The corpus is balanced by genre across the decades. For example, fiction+ TV/Movies (which are scripted, similar to fiction) accounts for 54-57% of the total in each decade (1820s-2000s), and the corpus is balanced across decades for sub-genres and domains as well (e.g. by Library of Congress classification for non-fiction; and by sub-genre for fiction -- prose, poetry, drama, etc). This balance across genres and sub-genres allows researchers to examine changes and be reasonably certain that the data reflects actual changes in the "real world", rather than just being artifacts of a changing genre balance.

Download all 115,000 texts, for use on your own computer.

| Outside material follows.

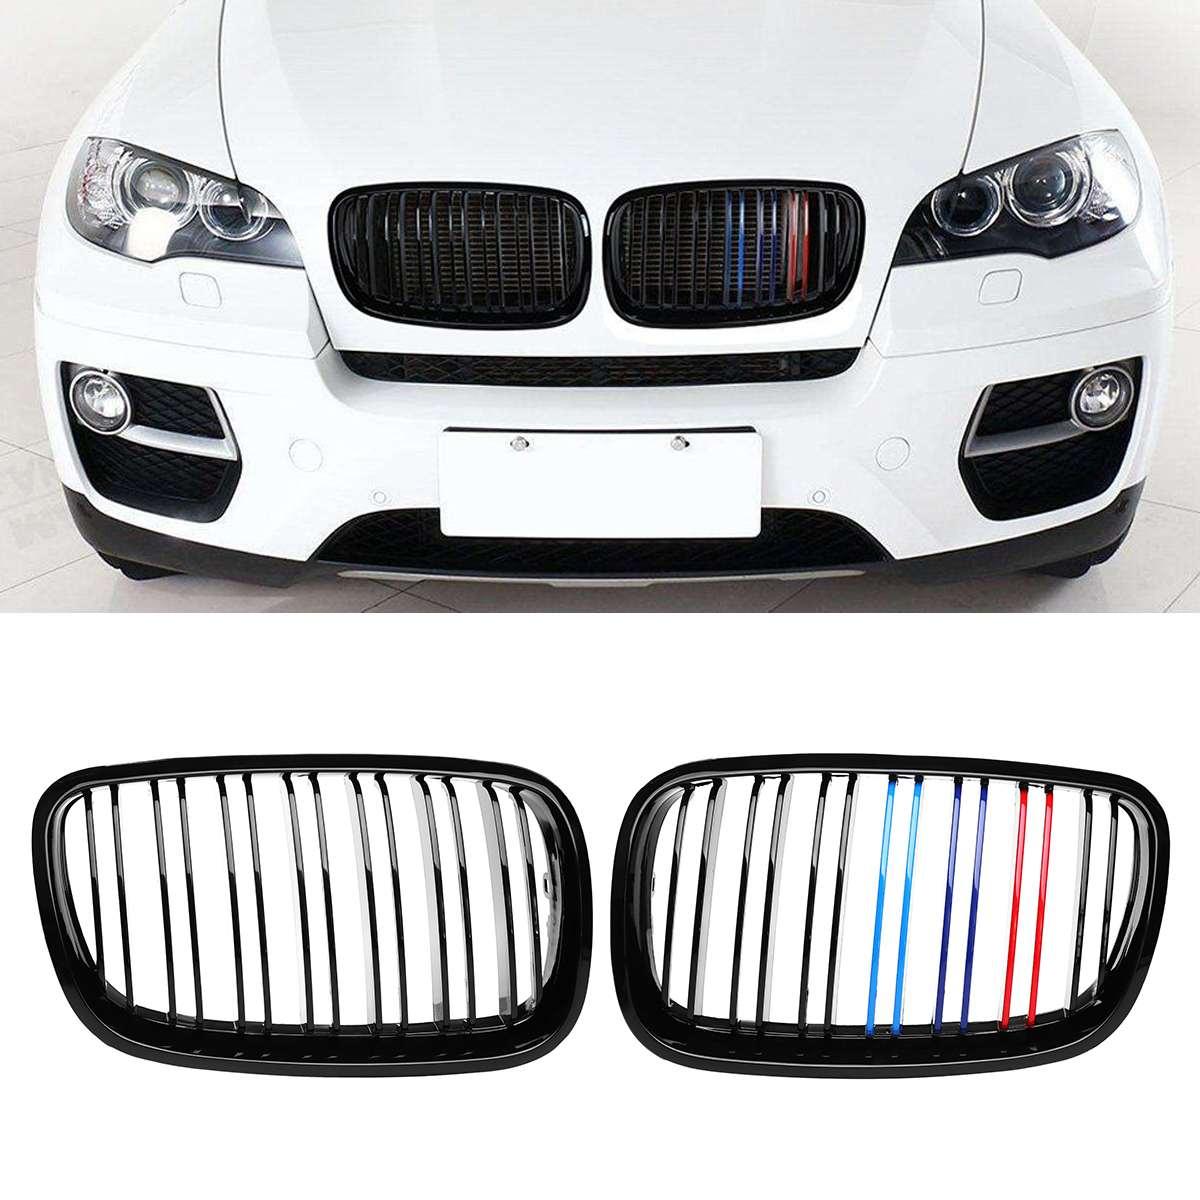 Brillant Noir M-Couleur Une Paire De Voiture Pare-chocs Avant Grille Grill Cover Version Rein Pour 2007-2013 Pour BMW X5 X6 E70 E71

DECADE	TV/MOVIES	FICTION	POPULAR MAGAZINES	NEWSPAPERS	NON-FICTION BOOKS	TOTAL	% FICTION	% FIC (TV/MOV)
1820s		3,778,554	1,730,991		1,471,844	6,981,389	54.1%	54.1%
1830s		7,492,464	3,158,784		3,060,039	13,711,287	54.6%	54.6%
1840s		8,615,569	3,584,996		3,606,482	15,807,047	54.5%	54.5%
1850s		9,175,764	4,243,240		3,116,999	16,536,003	55.5%	55.5%
1860s		9,279,356	4,469,061	264,549	2,923,594	16,936,560	54.8%	54.8%
1870s		10,454,445	4,489,558	1,037,506	2,806,958	18,788,467	55.6%	55.6%
1880s		11,204,077	4,489,787	1,368,195	3,005,146	20,067,205	55.8%	55.8%
1890s		11,261,720	4,716,870	1,392,895	3,055,298	20,426,783	55.1%	55.1%
1900s		12,096,794	5,092,923	1,464,317	3,323,216	21,977,250	55.0%	55.0%
1910s		12,266,683	5,727,265	1,548,986	3,560,164	23,103,098	53.1%	53.1%
1920s		12,668,146	6,132,368	3,642,022	3,257,886	25,700,422	49.3%	49.3%
1930s	2,994,552	11,959,731	6,048,788	3,651,557	3,053,251	27,707,879	43.2%	54.0%
1940s	2,888,109	12,030,426	5,841,711	3,567,355	3,072,149	27,399,750	43.9%	54.4%
1950s	4,003,700	12,014,411	5,961,487	3,570,759	3,110,917	28,661,274	41.9%	55.9%
1960s	4,991,777	11,652,761	5,884,357	3,434,402	3,159,379	29,122,676	40.0%	57.2%
1970s	4,982,750	11,652,921	5,767,353	3,402,783	3,023,418	28,829,225	40.4%	57.7%
1980s	4,995,510	11,664,130	5,980,459	4,125,888	3,085,593	29,851,580	39.1%	55.8%
1990s	5,039,323	13,337,688	7,552,995	4,069,742	3,149,570	33,149,318	40.2%	55.4%
2000s	5,078,058	14,624,639	7,813,604	4,116,506	3,189,005	34,821,812	42.0%	56.6%
2010s	5,061,478	15,150,555	7,552,354	4,546,307	3,142,112	35,452,806	42.7%	57.0%
TOTAL	40,035,257	222,380,834	106,238,951	45,203,769	61,173,020	475,031,831

The following are the changes that were made in the 2021 update:

1. A subset of the texts from the Movies and TV corpora were added to the corpus, to provide access to much more informal language.

2. Texts from 2010-2019 were added, to bring the corpus closer to the present.

3. The texts from 1810-1819 were dropped. These had fairly poor genre balance and there were only about one million words of data. This is much more than made up for by the 35+ million words from the recent texts from 2010-2019.

4. The textual corpus was cleaned and corrected by researchers from the Univ of Stuttgart.

5. Corrections were made to the metadata for a number of texts, based on feedback from users. For example, a text that originally had a date of 1905 but was actually from the 1950s now has the correct date. This should prevent more "false hits" for words and phrases that seemed to be from an earlier period, but were not.

6. Many duplicate texts were removed.